Когда подъехал Самохин вместе со всей командой экспертов, Костя доложил обстановку.

— Значит, выходит так, Аркадий Михалыч, вся эта свора, отстрелявшись у салона, приехала сюда. Бросили Черновца умирать, и к нему в гости. Ну, и устроили тут пальбу…

— Очень подходящее место… — проворчал полковник. — Кроме как в чужой квартире, перестрелку устраивать негде.

— Так здесь находился Волков. Он и начал стрелять.

— Не спеши с выводами. — Самохин бросил рассеянный взгляд на труп, аккуратно обошел его, стараясь не наступить в кровавую лужу, окинул взглядом прихожую. Тяжко вздохнул. — Что они, сговорились, что ли! Или у них сегодня разгрузочный день. Избавляются от балласта.

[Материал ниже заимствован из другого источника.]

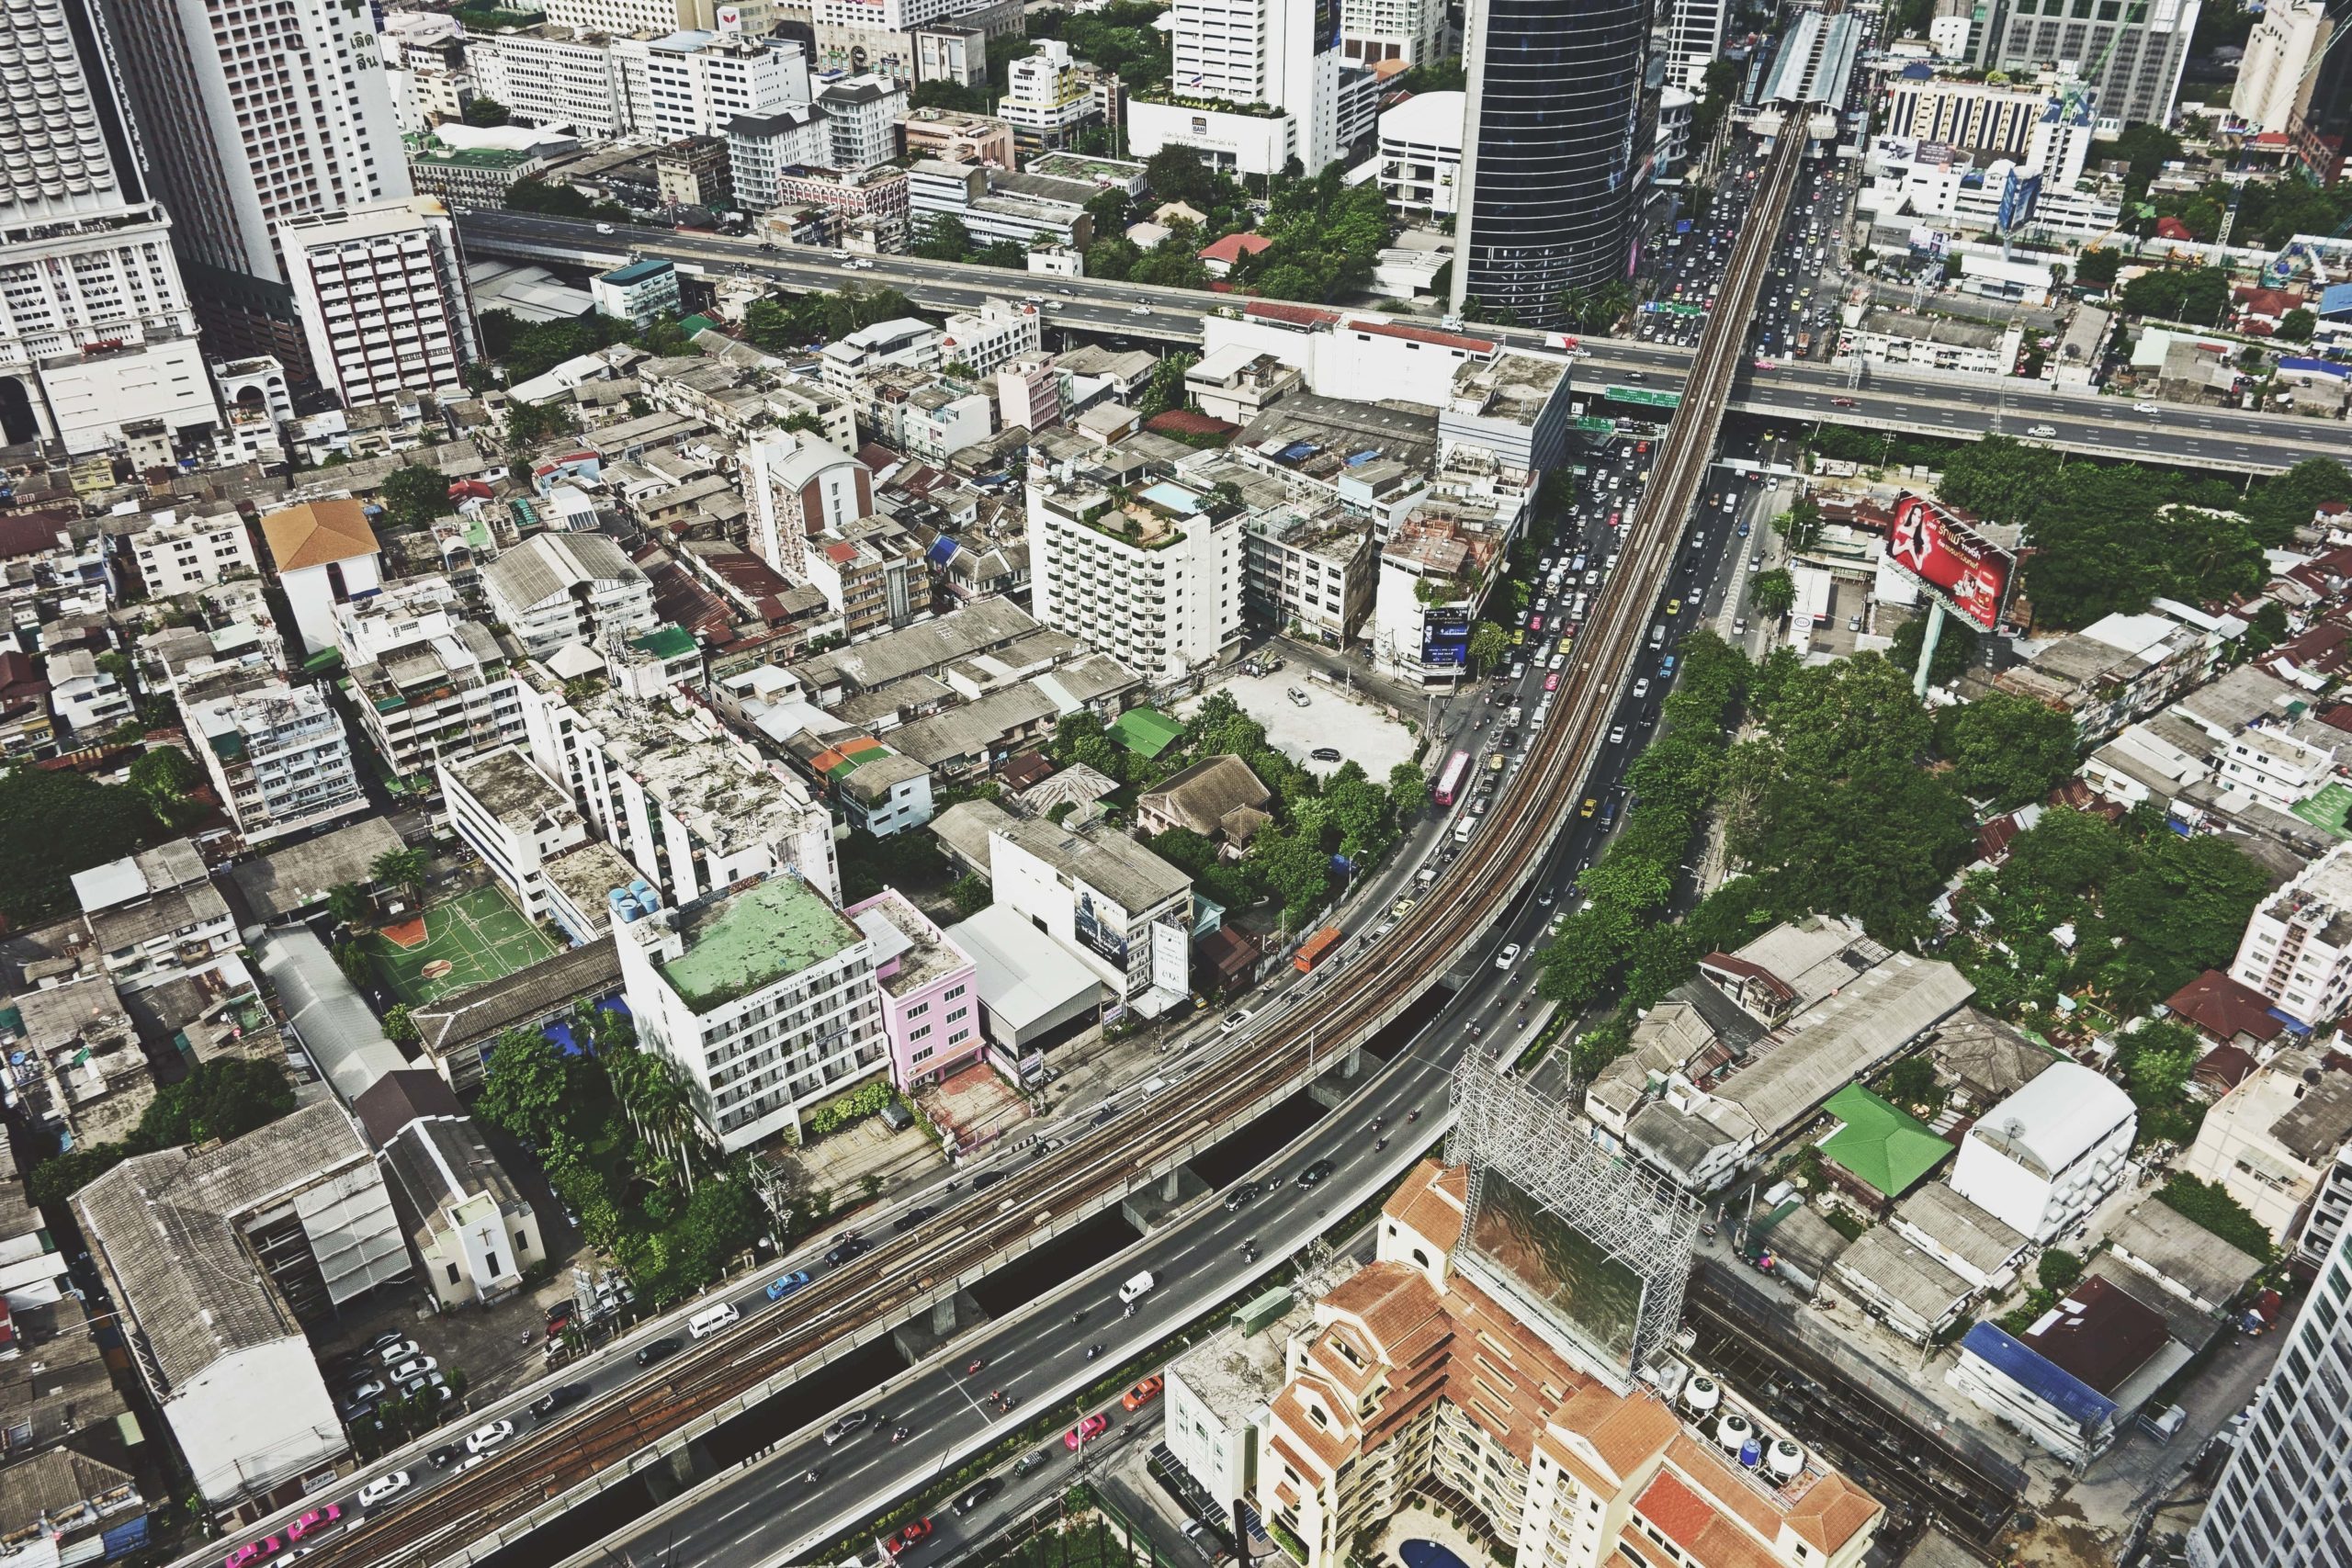 An aerial shot of people moving through a city.
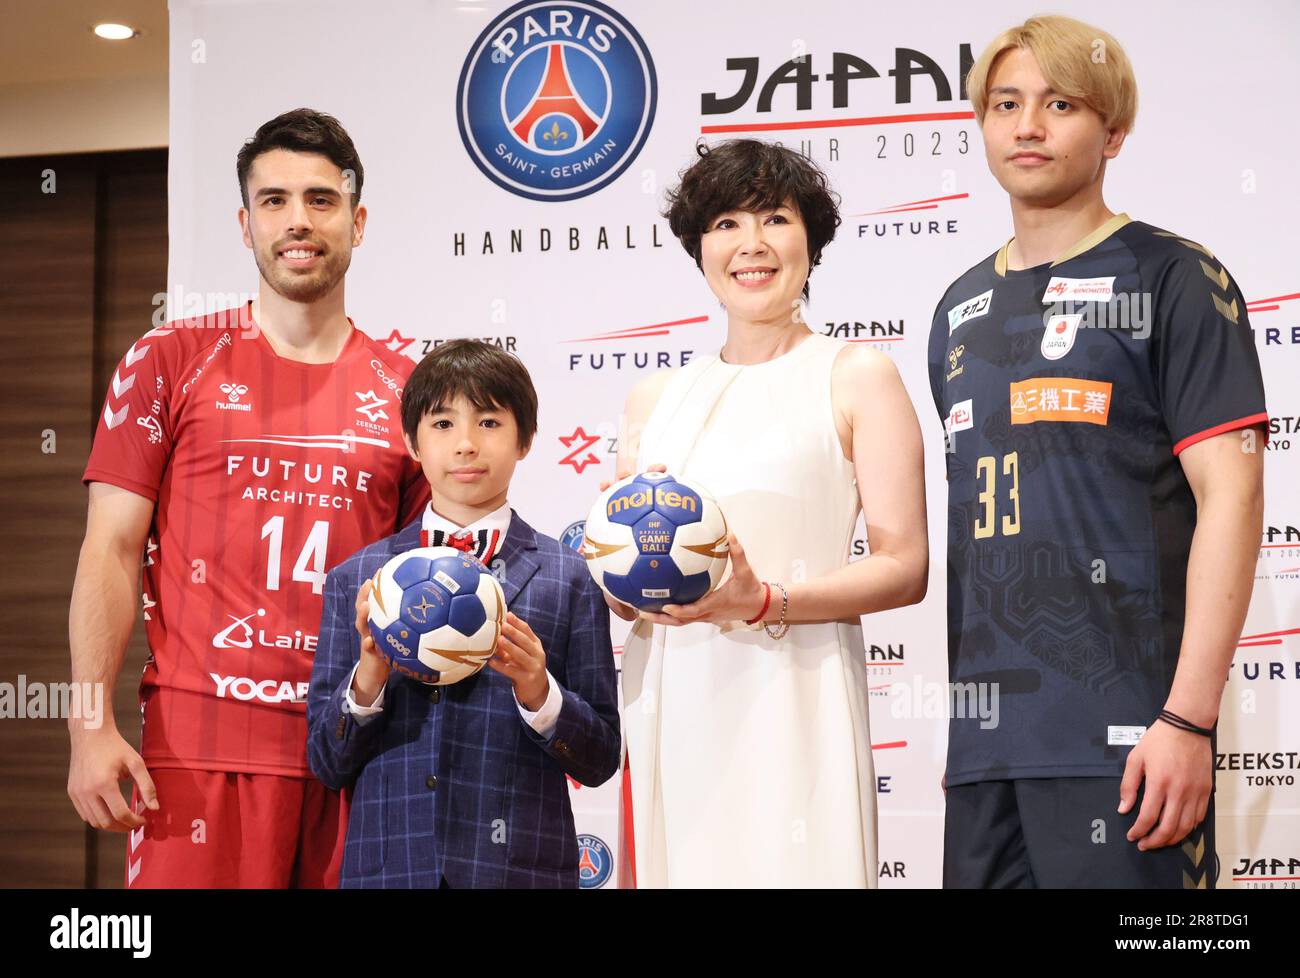 Tokyo, Japan. 22nd June, 2023. Japanese actress Shinobu Terajima (2nd R) and her son kabuki actor Mahoro Terajima (2nd L) with handball players Yuto Agarie (R) and Remi Anri Doi (L) pose for phioto as they attend a promotional event of French handball team Paris Saint-German's Japan tour in Tokyo on Thursday, June 22, 2023. Paris Saint-German handball team will have games with Zeekstar Tokyo and Japanese national team. (photo by Yoshio Tsunoda/AFLO) Stock Photo

— Да уж, такая разгрузочка началась! — согласился Костя. — Всех лишних за борт. В живых остаются только самые ценные члены экипажа.

Самохин прошел в гостиную, равнодушно окинув взглядом картины, сел на кривоногий стул в углу, устало опустил плечи и уставился в пол.

— Нет, ребятки, смерть, это всегда страшно, — медленно проговорил он. — Даже если бандита мочканули. Тоже ведь человек, а не собака подзаборная. Его женщина рожала, а не сам из земли вылез. Эх, знала бы, кого рожает… Я столько жмуриков повидал, а привыкнуть не могу. Все какая-то тяжесть на душе. И вы не привыкнете.

В дверях появился Коля Балашов. На его лице сияла радостная улыбка, верно указывающая на найденную улику. Он продемонстрировал пустой прозрачный пакетик с заклеенным верхом.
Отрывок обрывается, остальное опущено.